Tanpa mempedulikan orang yang di samping dan juga di belakang nya seolah olah siap berperang itu.
Waktu berlalu dengan lambat bagi Talitha karena merasakan aura yang terpancar dari kedua nya.
Bel istirahat pun berbunyi siswa siswa pun bergegas menuju kantin kecuali Talitha, Vania , Yusriel, Leo dan Afkar.
" Kau mengenal nya Tha ", tanya Vania semangat
" Tentu saja ", Bukan Talitha yang menjawab tapi Yusriel yang menjawabnya.
" Dia siapa mu Tha ", tanya lagi penasaran.
" Tentu orang yang spesial bagi Talitha ", jawab Yusriel dengan datar.
' Dia benar benar membuatku semakin sulit. Tapi mungkin dengan begini Afkar dan Kaiden berhenti mendekati ku ' , gumam Talitha dalam hati.
" Hm " , jawab Talitha membuat tangan Afkar mengepal dan juga sedikit mengeluarkan aura kevampiran nya.
Melihat itu pun Leo segera menyadarkan nya dengan menyenggol tangannya sedikit keras.

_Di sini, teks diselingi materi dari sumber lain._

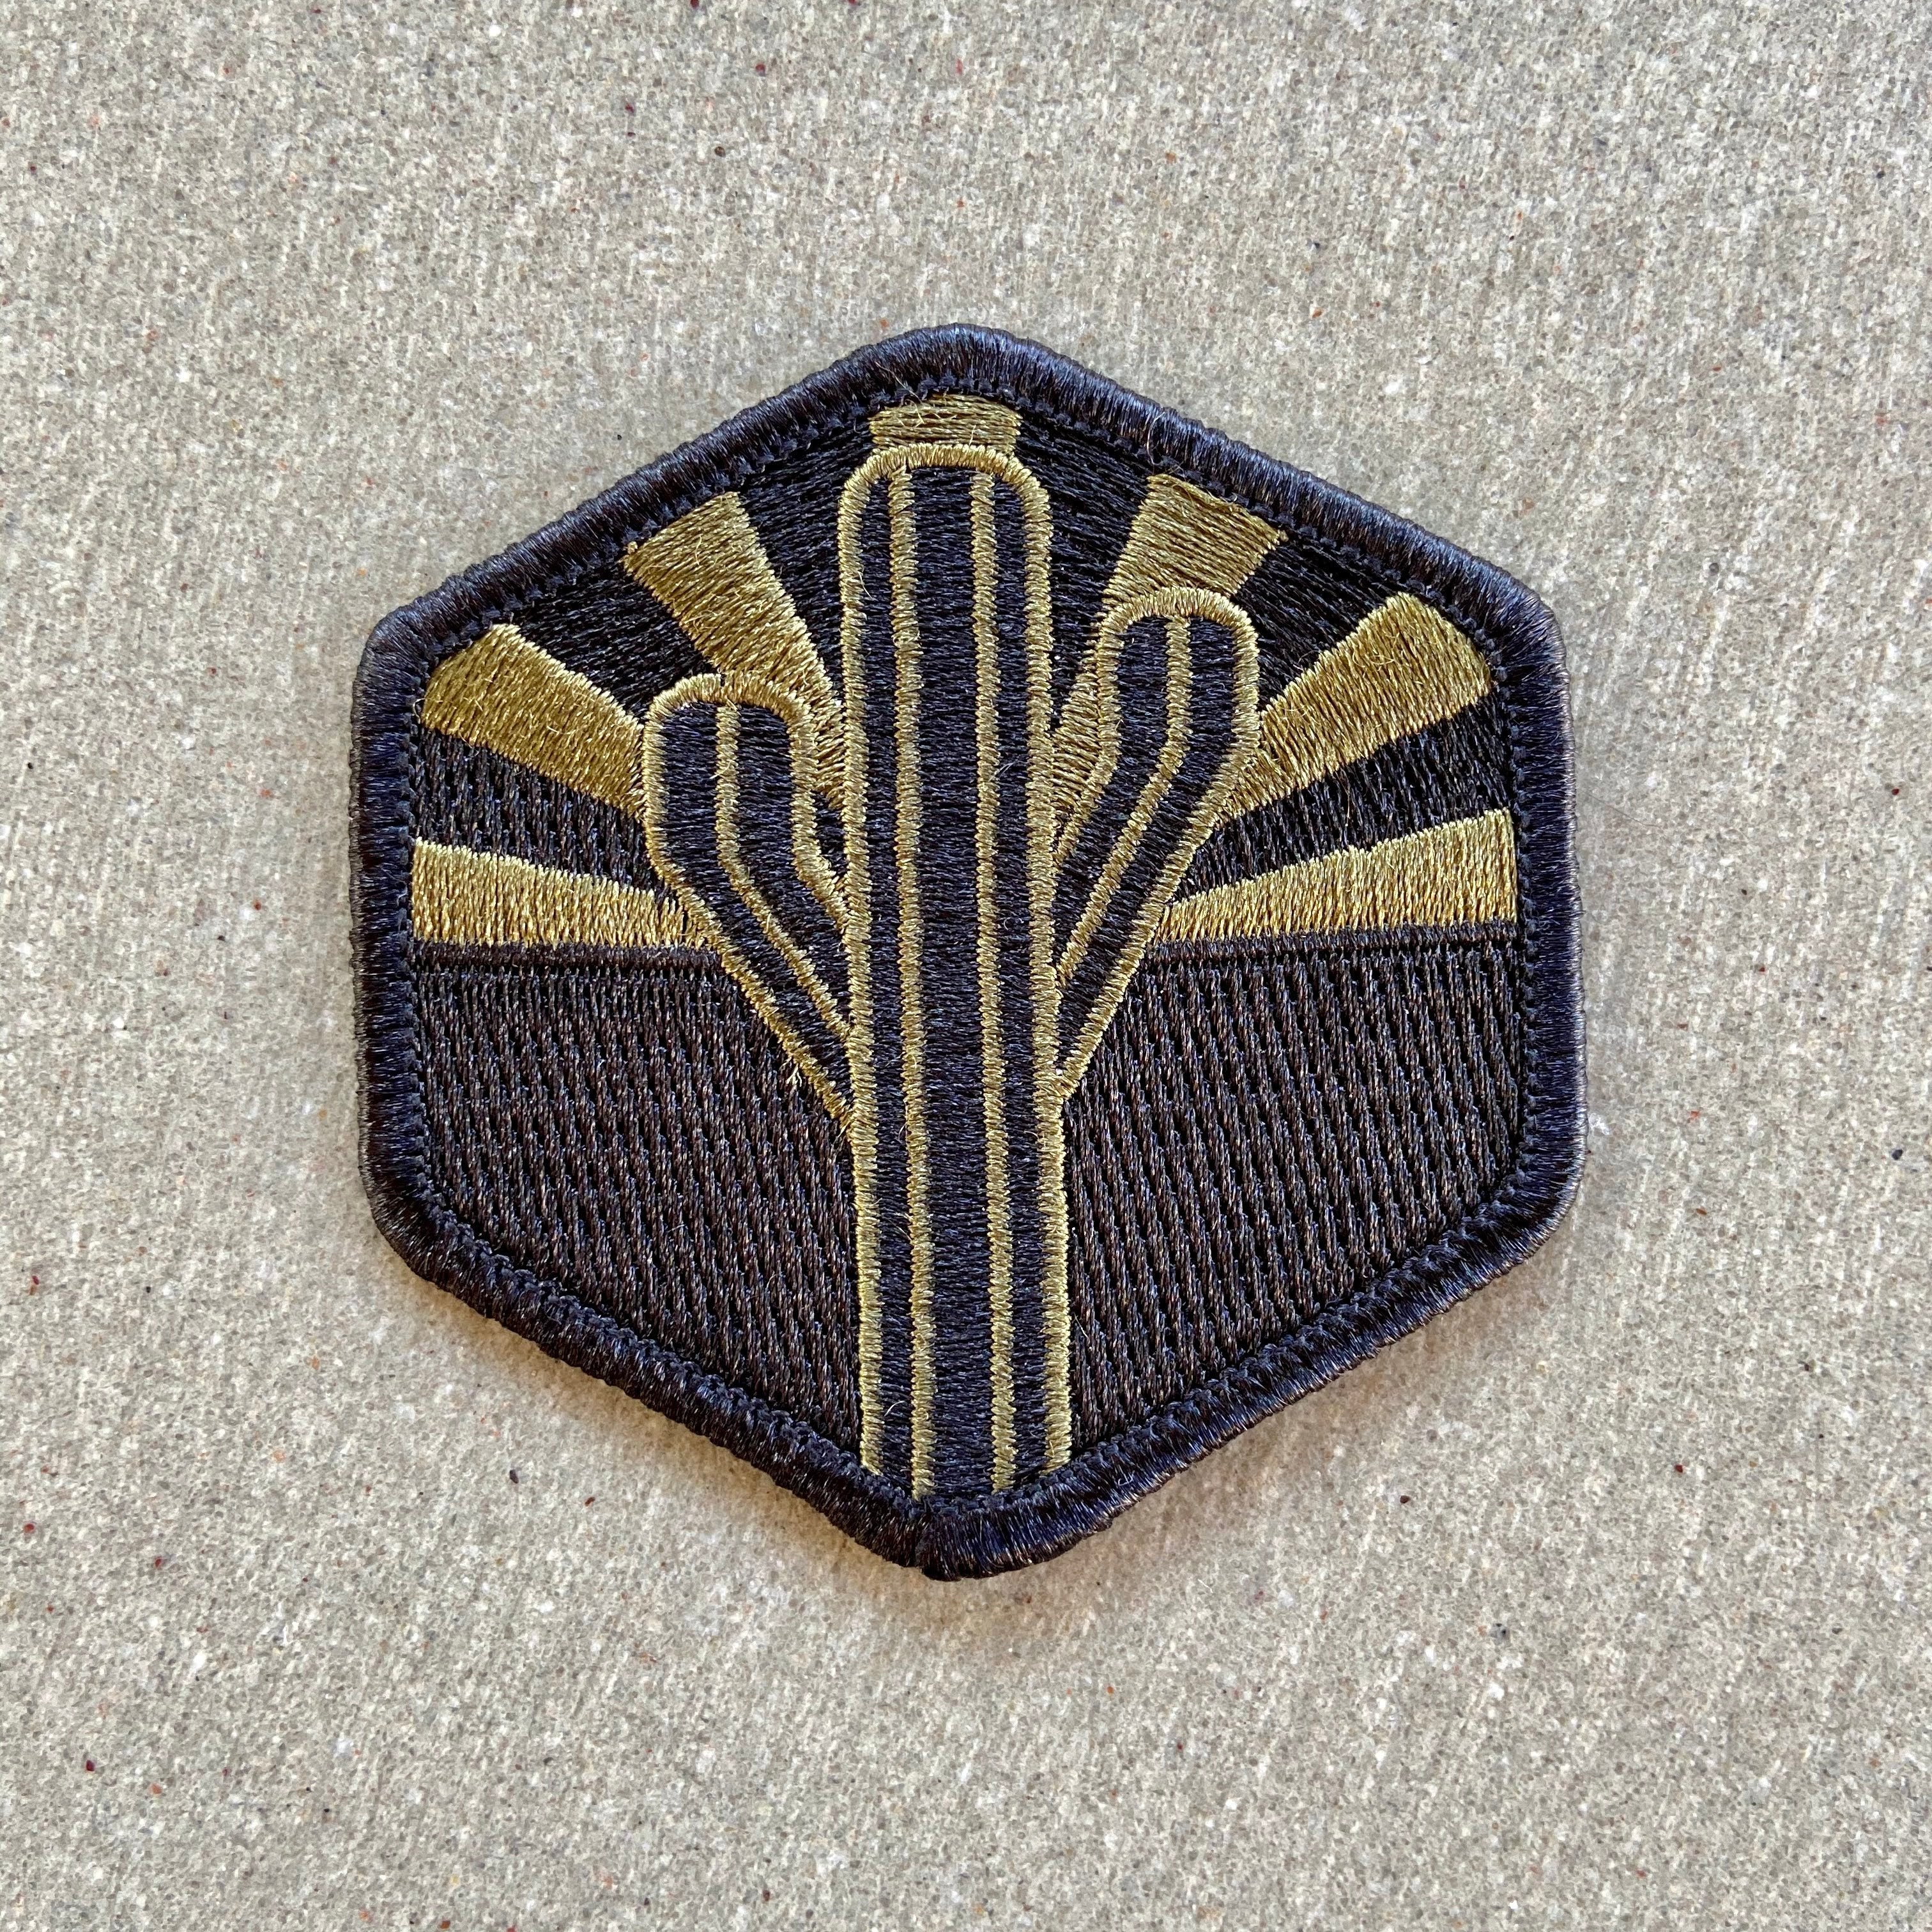 The Military Sentinel Patch

' Jadi dia adalah vampir ', kata Yusriel dalam hati karena merasakan aura vampir yang keluar dari tubuh pria di belakang Talitha.
" Benarkah ? Sejak kapan kah tak cerita soal ini Tha " , kata Vania yang menunjukkan ekspresi sedihnya.
Leo yang melihat itu sedikit menarik sudut bibir nya. Pertanda Vania tidak akan mendekati murid baru bernama Yusriel itu.
Tapi sedetik kemudian dia sadar bahwa tuannya akan sangat marah mengetahui hal tersebut.
" Bukan urusanmu ", kata Yusriel kemudian berdiri mengajak Talitha dengan menarik tangannya mengikutinya pergi.
Mereka bertiga yang melihat itu hanya tercengang dan juga ada yang marah dengan itu semua.
" Tenang pang.....maksudku Afkar ", kata Leo saat merasakan aura vampir Afkar semakin bertambah besar.
Sementara Vania masih belum menyadari karena tercengang dan membatin dalam hati.
' Akan terjadi perang dunia diantara mereka yang mengejar Talitha ', gumam nya dan beranjak pergi karena perut nya sudah mulai berdemo untuk makan.
Setelah kepergian Vania, Leo berkata dengan tegas.
" Kau harus tenang. Jangan sampai membuat sekolah ini hancur dan membuat dia semakin menjauh dari mu ", kata Leo.
Perlahan lahan Afkar mulai menetralkan aura nya kembali.
" Kau benar. Aku takkan membiarkan dia lari dariku ", kata nya dengan dingin dan beranjak pergi dari duduknya itu.
Leo juga mengikutinya kemanapun tuannya akan pergi takut akan kelepasan dengan aura nya tersebut.